GIVEN INFORMATION Block Start

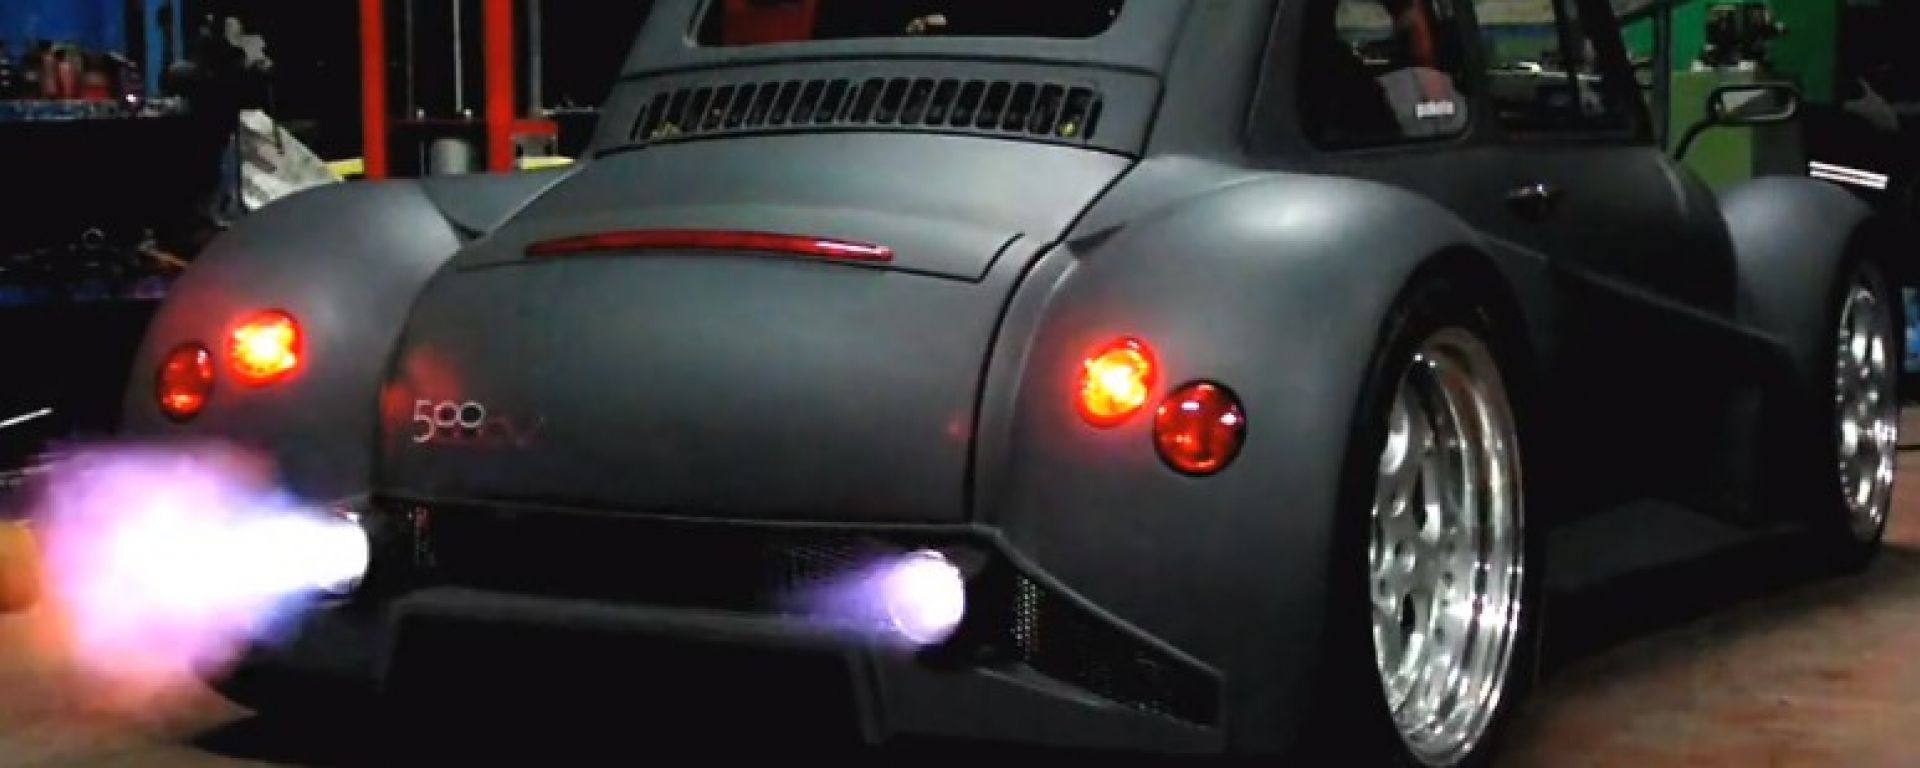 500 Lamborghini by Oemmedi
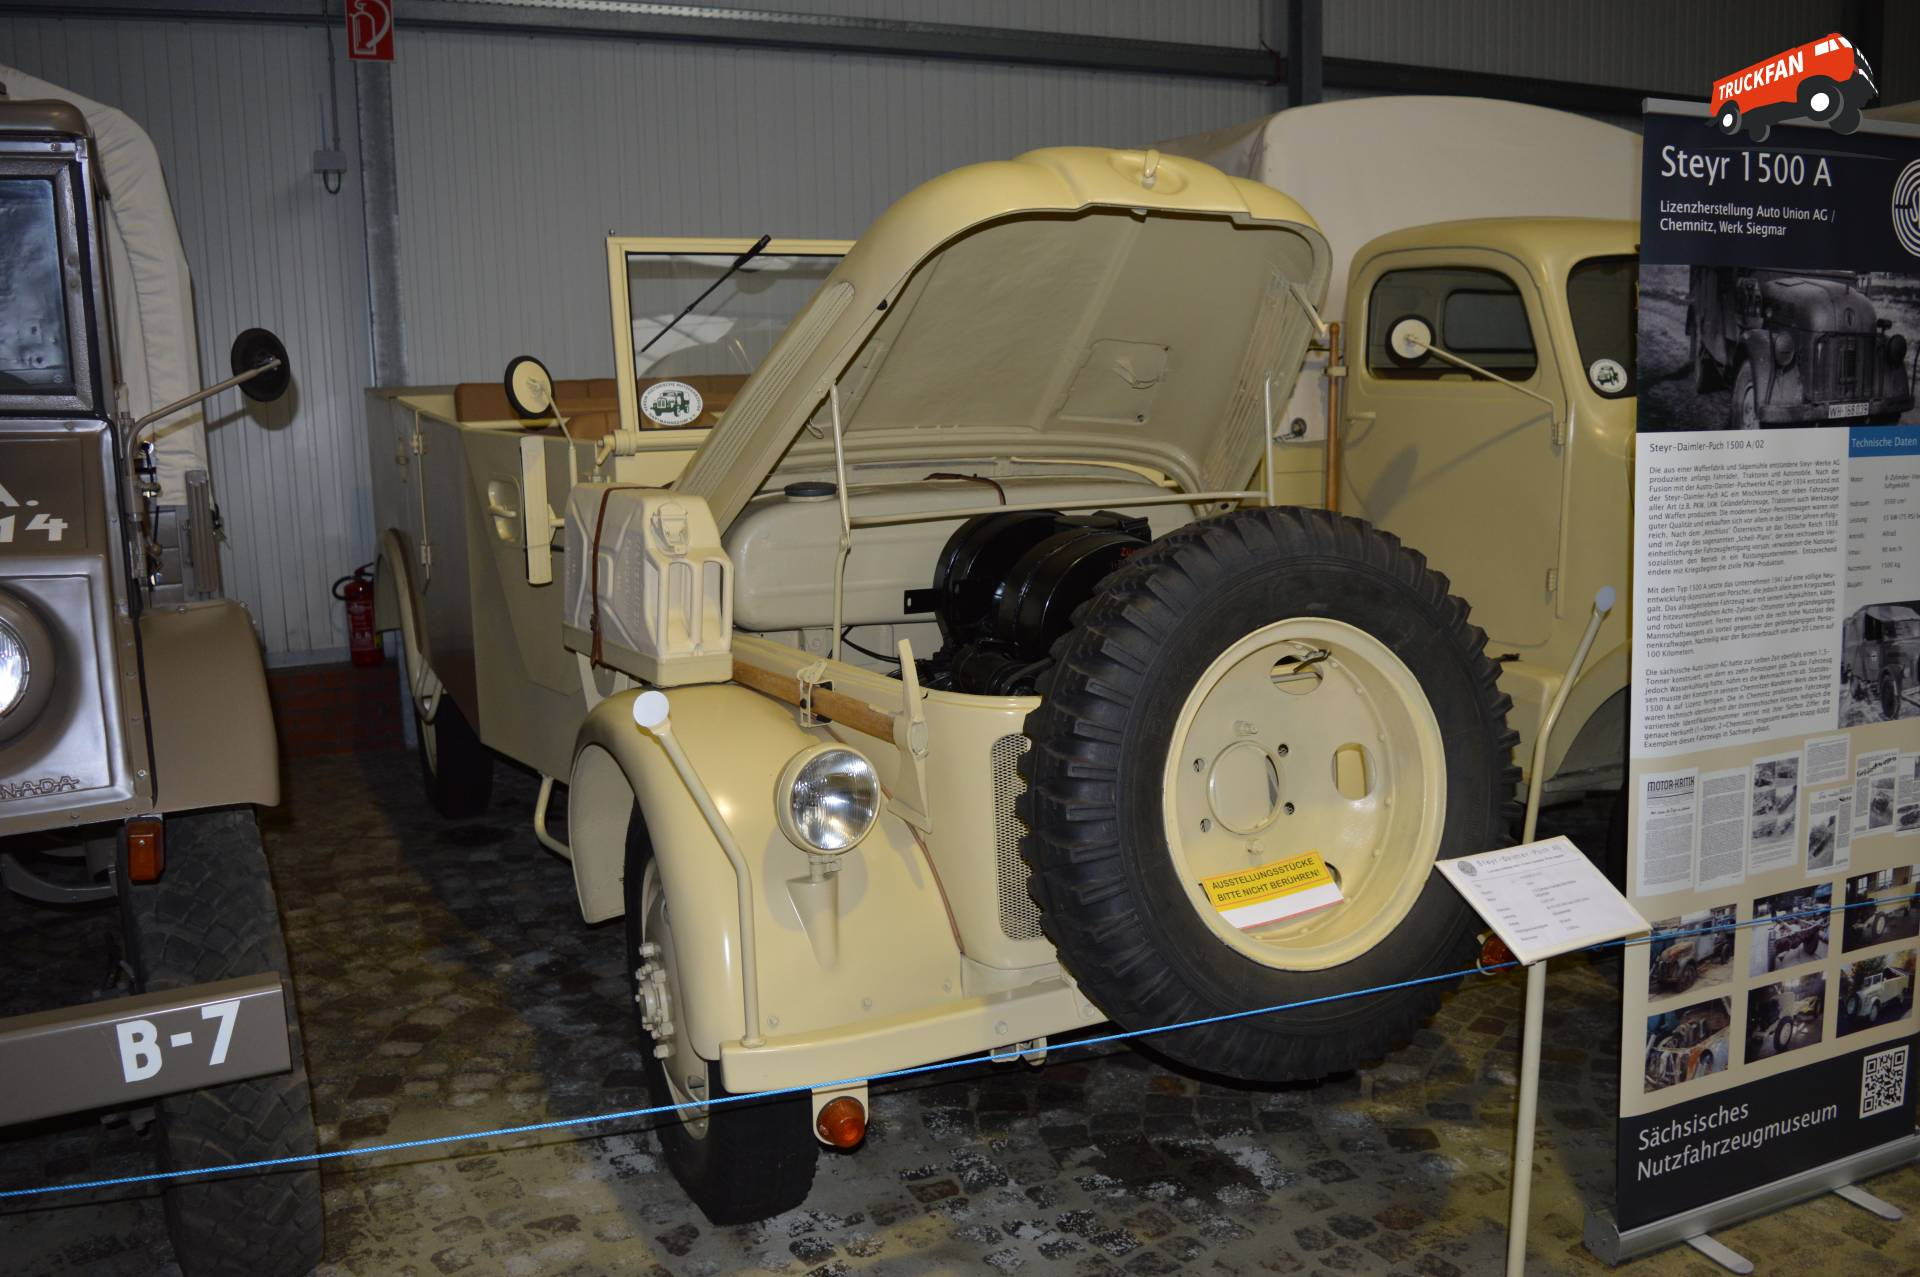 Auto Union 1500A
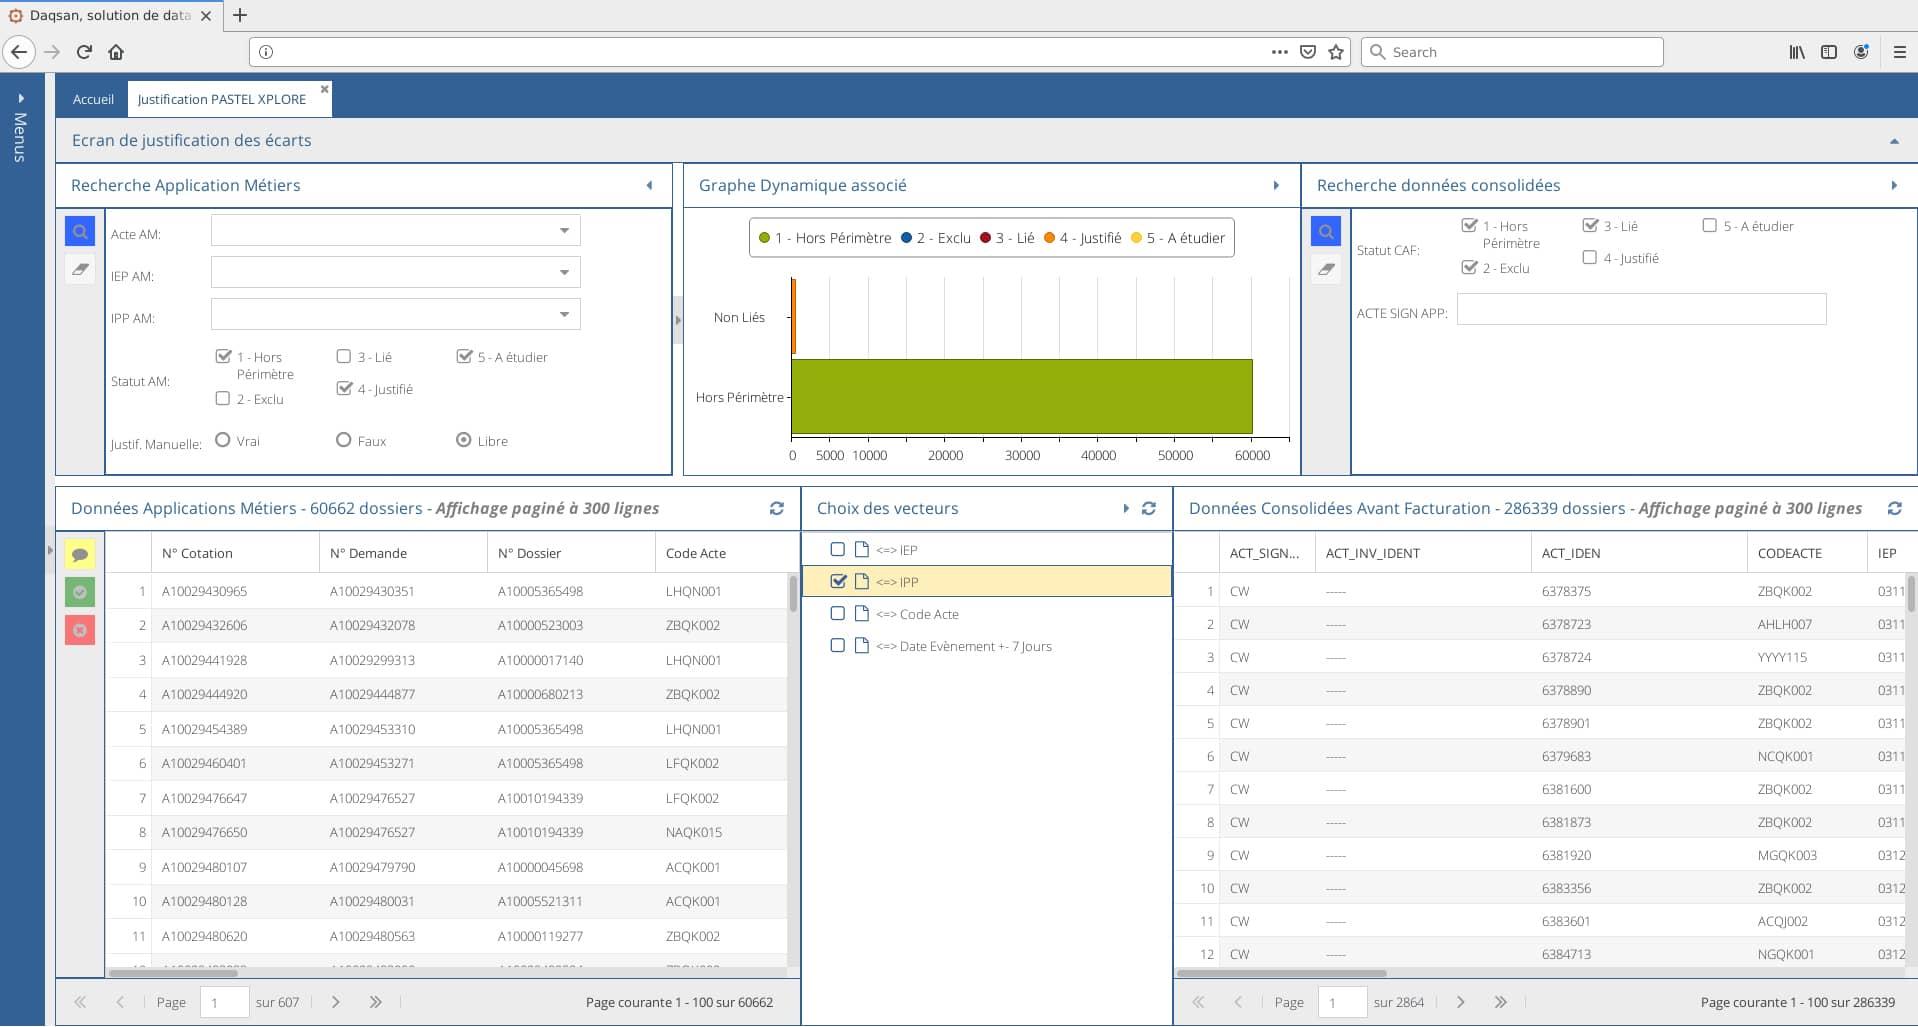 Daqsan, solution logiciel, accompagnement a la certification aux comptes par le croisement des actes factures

GIVEN INFORMATION Block End

- _ABOUT THIS TASK_
Word for word, retype the material above without its pictures.

- _ANSWER BOX_
 500 Lamborghini by Oemmedi
 Auto Union 1500A
 Daqsan, solution logiciel, accompagnement a la certification aux comptes par le croisement des actes factures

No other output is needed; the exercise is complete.